The parents a man killed by his schizophrenic flatmate have accused Auckland District Health Board of negligence.
Geoffrey Tampin, a long-term psychiatric patient with a history of occasionally aggressive behaviour, had been skipping medication, drinking excessively and taking recreational drugs in the months before he killed his flatmate Dean Clark in Balmoral, Auckland, in June last year.
The ADHB commissioned an external inquiry of the care provided to Tampin before the killing, but has refused to release the inquiry report on privacy grounds.
The health board has also refused to reveal whether any of its staff were reprimanded or faced other employment consequences in the wake of the murder.
Last week, in a one-line statement to the Sunday Star-Times, Clark's parents said: "Our son paid with his life for the health board's negligence."
The ADHB has expressed its deep apologies to the Clark and Tampin families for the problems with care identified by the review.
Chief medical officer Dr Margaret Wilsher said: "Our health professionals strive to support individuals with very complex needs. The outcomes are not always predictable and that just means we always need to work harder to improve what we do for our patients."
In October Tampin was found not guilty, on grounds of insanity, of murdering Clark, and he is now being treated as a "special patient".
Last month the Sunday Star-Times revealed that hours before Tampin killed Clark, his mother contacted Auckland District Health Board's mental health services, concerned about his state of mind. She also contacted them five months earlier to say her son had been making threats to kill someone. At that point she was advised to contact police.
Court documents showed Tampin, who had been under the care of mental health services since the late 1990s, mainly in the community, had been assessed by mental health workers just weeks before the murder, when he had told them he was struggling with the insistent voices in his head.
Tampin later said he had asked for respite care but had been turned down. He also said he was prescribed B vitamins and fish oil pills.
Last month the ADHB said it had commissioned an external inquiry into Tampin's care. However, it refused to answer several questions about the inquiry, including whether or not any staff had been formally warned, disciplined or dismissed as a result.
In a statement, the ADHB said: "It is not possible to respond to this question on the grounds that employees are entitled to privacy."

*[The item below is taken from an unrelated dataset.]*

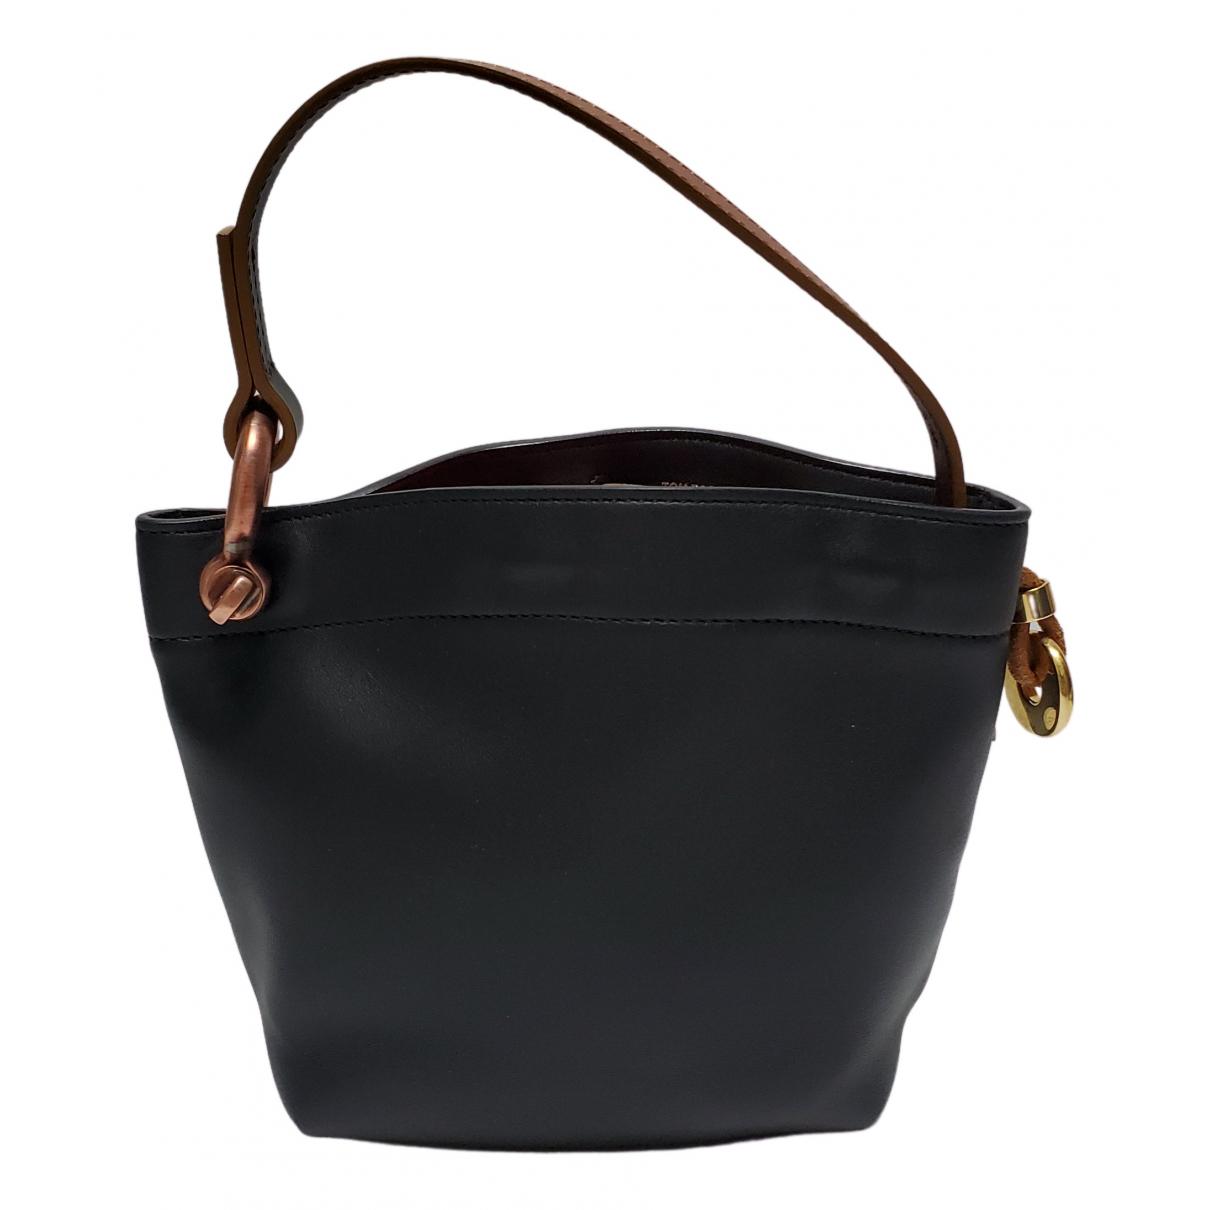 Tom Ford N Black Leather handbag for Women N

The Star-Times has resubmitted the question as an Official Information Act request.
While it won't release the full inquiry report, the ADHB has released a summary of its recommendations, which it says are all being implemented.

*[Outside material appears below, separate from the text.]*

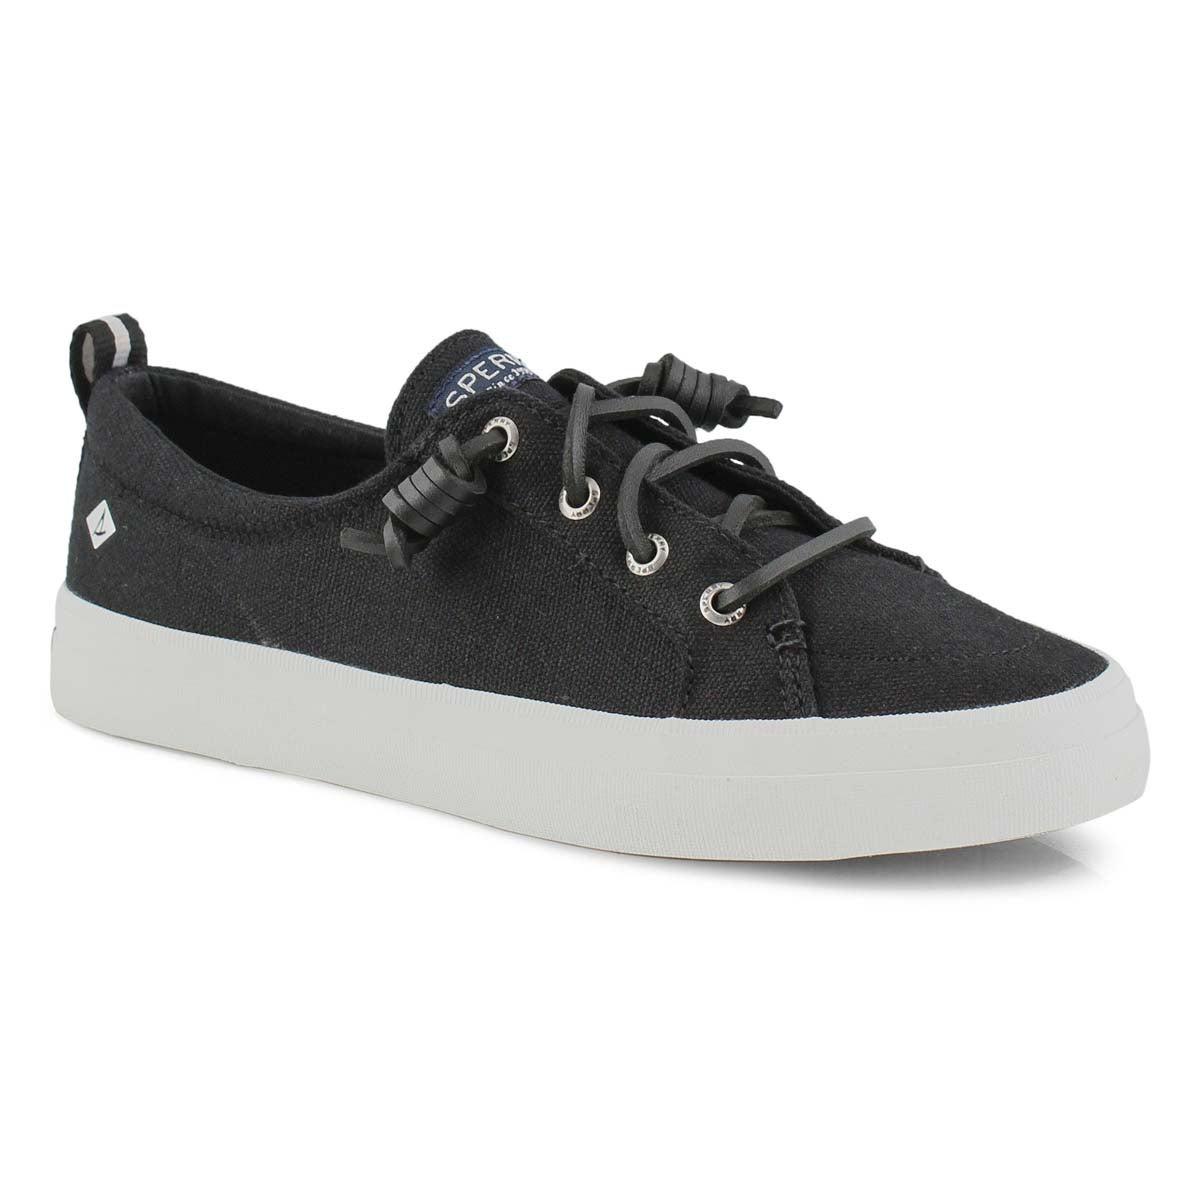 Lds Crest Vibe Linen blk fashion sneaker

One recommendation was that if a concerned family member of a psychiatric patient is advised to call police, clinical staff must follow that up by making direct contact with the police as well. Another called for a formal system for following up declined referrals.
The other 12 recommendations, though written in heavily bureaucratic jargon, give some hint of other failings identified in Tampin's care. They include proposed changes to risk assessment and documentation practices, and new processes for liaison when a case is shared between mental-health services and Community Alcohol and Drug Services.